DATA »
________________________________________
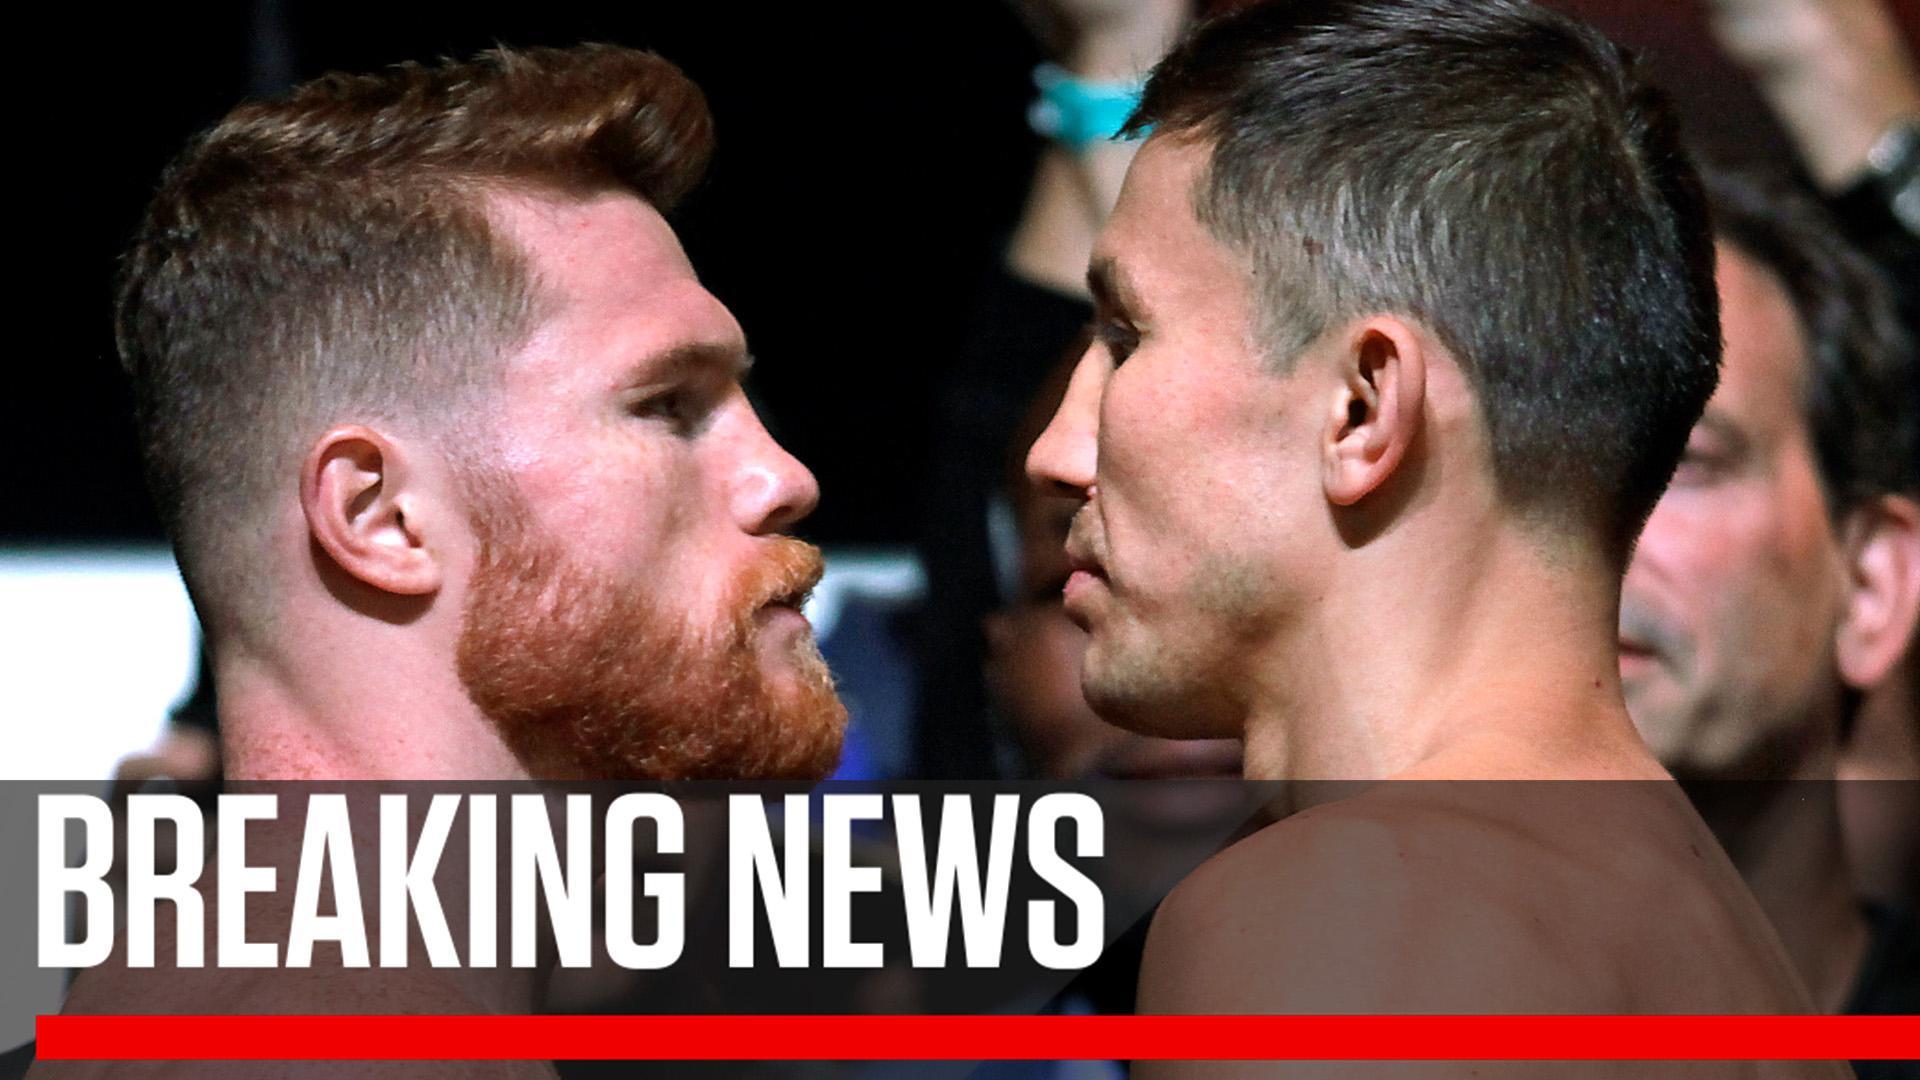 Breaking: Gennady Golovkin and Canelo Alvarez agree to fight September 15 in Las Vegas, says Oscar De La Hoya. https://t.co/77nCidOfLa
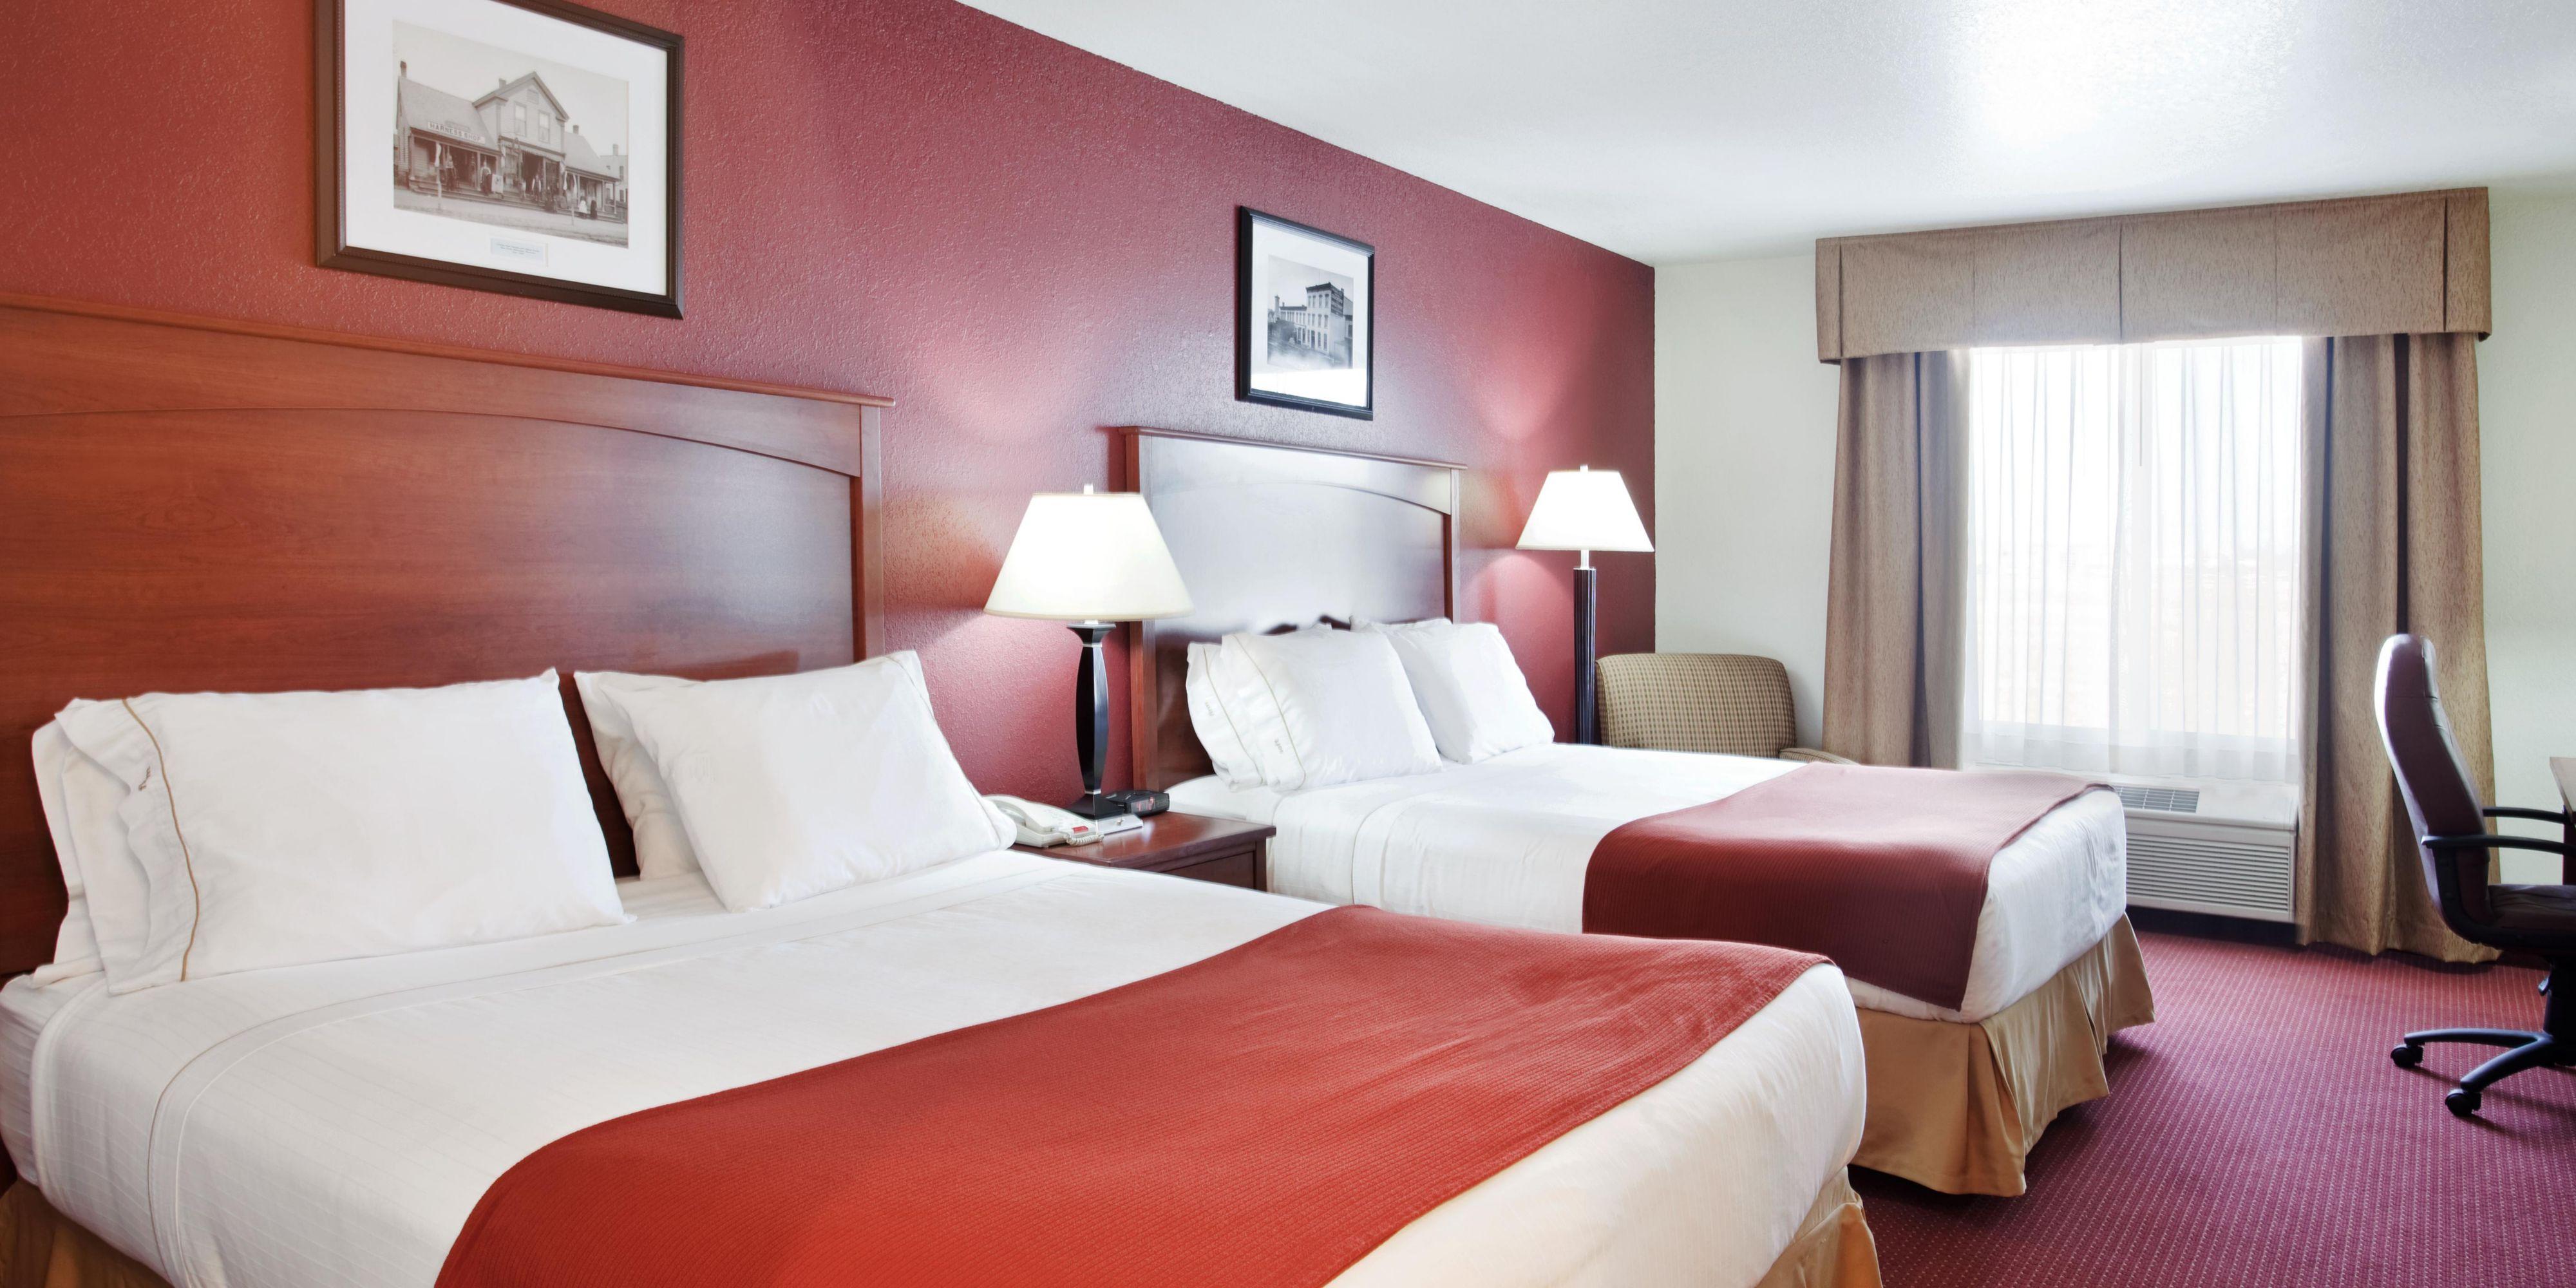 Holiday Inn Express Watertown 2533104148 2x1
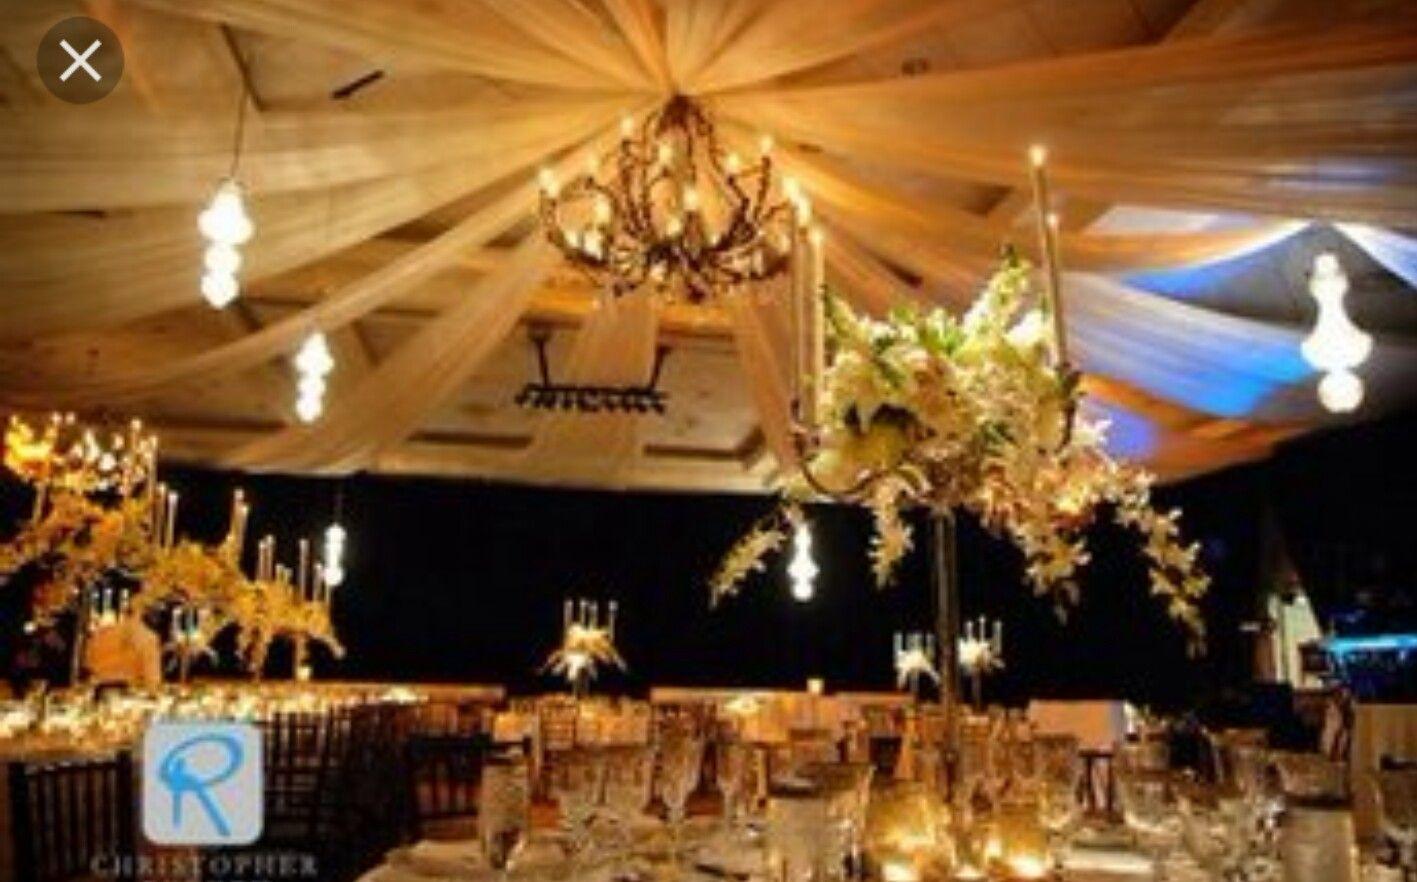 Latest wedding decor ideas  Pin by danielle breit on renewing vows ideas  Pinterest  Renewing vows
________________________________________
TASK ITEM » Only the pictures may be dropped when you copy the data above; everything else stays exact.

RESULT FOR THIS TASK »
 Breaking: Gennady Golovkin and Canelo Alvarez agree to fight September 15 in Las Vegas, says Oscar De La Hoya. https://t.co/77nCidOfLa
 Holiday Inn Express Watertown 2533104148 2x1
 Latest wedding decor ideas  Pin by danielle breit on renewing vows ideas  Pinterest  Renewing vows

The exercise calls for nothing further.